Он перестал сдерживаться:
 - Ты меня не слышишь, ты не хочешь меня слушать!
- Я вас слушаю и повторяю, что молчит тот, кому выгода – молчать.
- И кому выгодно молчать о нас? – не унимался мужчина.
- Да тому, о ком я уже полчаса хочу рассказать.
- Слушаю, - отчаяние.
- Когда сгорела мама и мы пошли в морг на свидание с моим отцом и теткой… отец–доктор, общался с доктором морга в фартуке морковного цвета… отец сказал, что этот Короссер был без ума от мамы… и у них была яростная борьба и я … то есть папа  - победил… он увел ее прямо из квартиры потрошителя…рассказывал, как они убегали, как их догоняли и не догнали… ну а потом попросил и неудачник не стал вскрывать… написал с моих слов… чем болела и как…
- И что?
- Да он не выполнил своих обязанностей и теперь может полететь с места…
- Детский лепет… мы только одним его… Предлагаю понаблюдать за ним… постараться найти слабое место и ударить.
- Может, вы и правы… да… вы правы… Слежку беру на себя. Мне нужно переодеться, парик, очки… и его могут проверить на знакомство с нами.
- И еще одно, - заговорил мужчина. – Нам нужны документы на наши реальные имена, для крючков, и другие, с которыми будем расставаться… У меня есть, а у вас?
- У меня порядок - я готовилась.
- И я готовился, - выдохнул мужчина, - хоть тут без засады!!! С деньгами у нас неплохо…Я, знаете, планировал, на нелегальное положение  переходить – все предусмотрел, кроме трупов, конечно…знал бы прикуп и давно прикупил… и держал … в холодильнике…
- Заморозка…, - ухватилась я, - это правильно… надо узнать, где трупы хранят неопознанные… и, если найти эти холодильники, наш повелитель жмуриков нужен не будет.
Мужчина задумчиво вздохнул:
- Неужели ты думаешь, что мы сумеем сначала выкрасть, чтобы никто не хватился, потом разморозить, потом сжечь?
- Еще как сможем, - ответила я.
- Ты готова меня выслушать?
Я была готова – мне слова его показались очень-очень серьезными и взвешенными… он… мой…сынок, ведет себя довольно органично в этой ситуации… и убедительно…
… ведь если люди, которых ты боишься, узнают о том, что проводят экспертизу по родству и обстоятельствам смерти, сразу наведет их на подвох…
- Но тут, - ответила я, - есть и положительное… те, кто меня будет проверять… не поверят, что с моим послужным списком… с моей чистой репутацией… я никогда не стала бы повторяться – подставляться. Это, скорее, отнесут к мистике… судьбе… року… мужчины любят оккультизм, экстрасенсов…

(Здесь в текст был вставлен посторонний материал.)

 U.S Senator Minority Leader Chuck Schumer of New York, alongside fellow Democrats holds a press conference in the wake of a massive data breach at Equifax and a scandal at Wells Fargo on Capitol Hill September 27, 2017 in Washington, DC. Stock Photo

- А женщины не любят? Да по мне, - огрызнулся мужчина, -  по мне беспомощные женщины и глупо выглядящие – это женщины-юмористы, женщины, поющие шансон, и женщины-экстрасенсы…
- Мужчины-трансвеститы… Я думаю, они не обидятся, что я их … к женщинам…
- Я думаю, не обидятся.
Говорила, а думала о том, что если выпадет десятка – тогда я выложу из рукава, и это… ох, как сыграет.

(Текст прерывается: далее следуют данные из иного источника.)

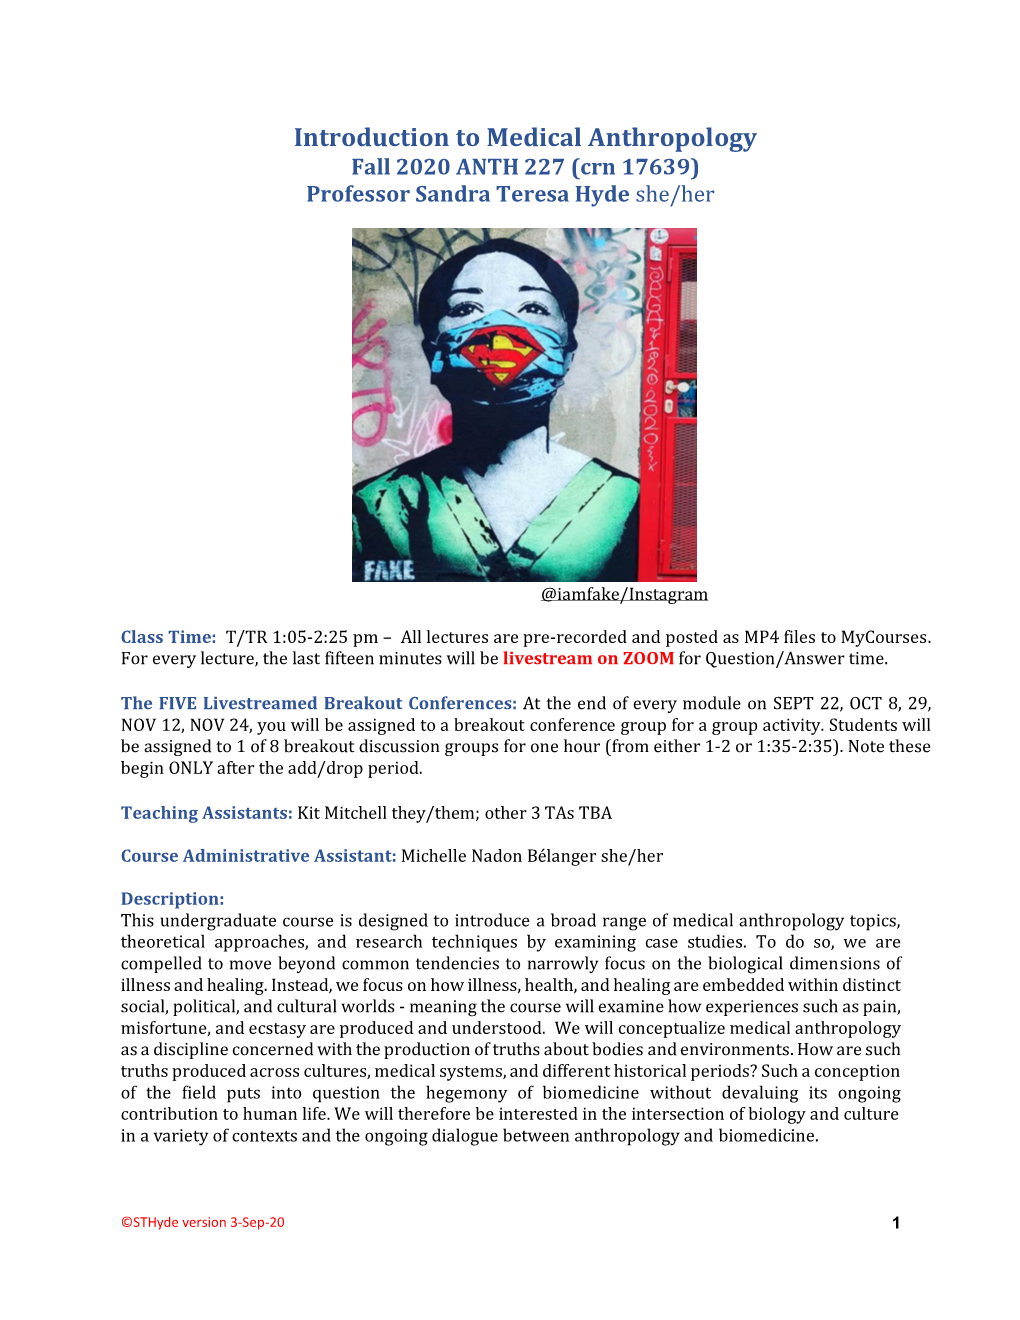 Introduction to Medical Anthropology Fall 2020 ANTH 227 (Crn 17639) Professor Sandra Teresa Hyde She/Her

- Да почему ты так веришь, что сможешь водить с ним хороводы, - не унимался мужчина. – Давайте я пойду и проверю, а потом решать будем… но Олега Валерьяновича Ткачева я держала в голове давно, со смерти мамы, когда я пришла за справкой уж вечером… он, сильно навеселе, спрашивал про мою жизнь. Очень много, много вопросов и уже в конце… махнув полстакана – шепнул мне, что я его дочь…
Я не поверила… нет… врет… может, и поверила, но испугалась морга и волки… но когда решилась на побег… почему я это не рассказала… я нашла его в том же морге спившимся, жит там же и сторожил по совместительству.
Мы общались… три встречи.… На первой у нас оказались одинаковые пальцы, на второй  – глаза, на третьей – прикус и уши.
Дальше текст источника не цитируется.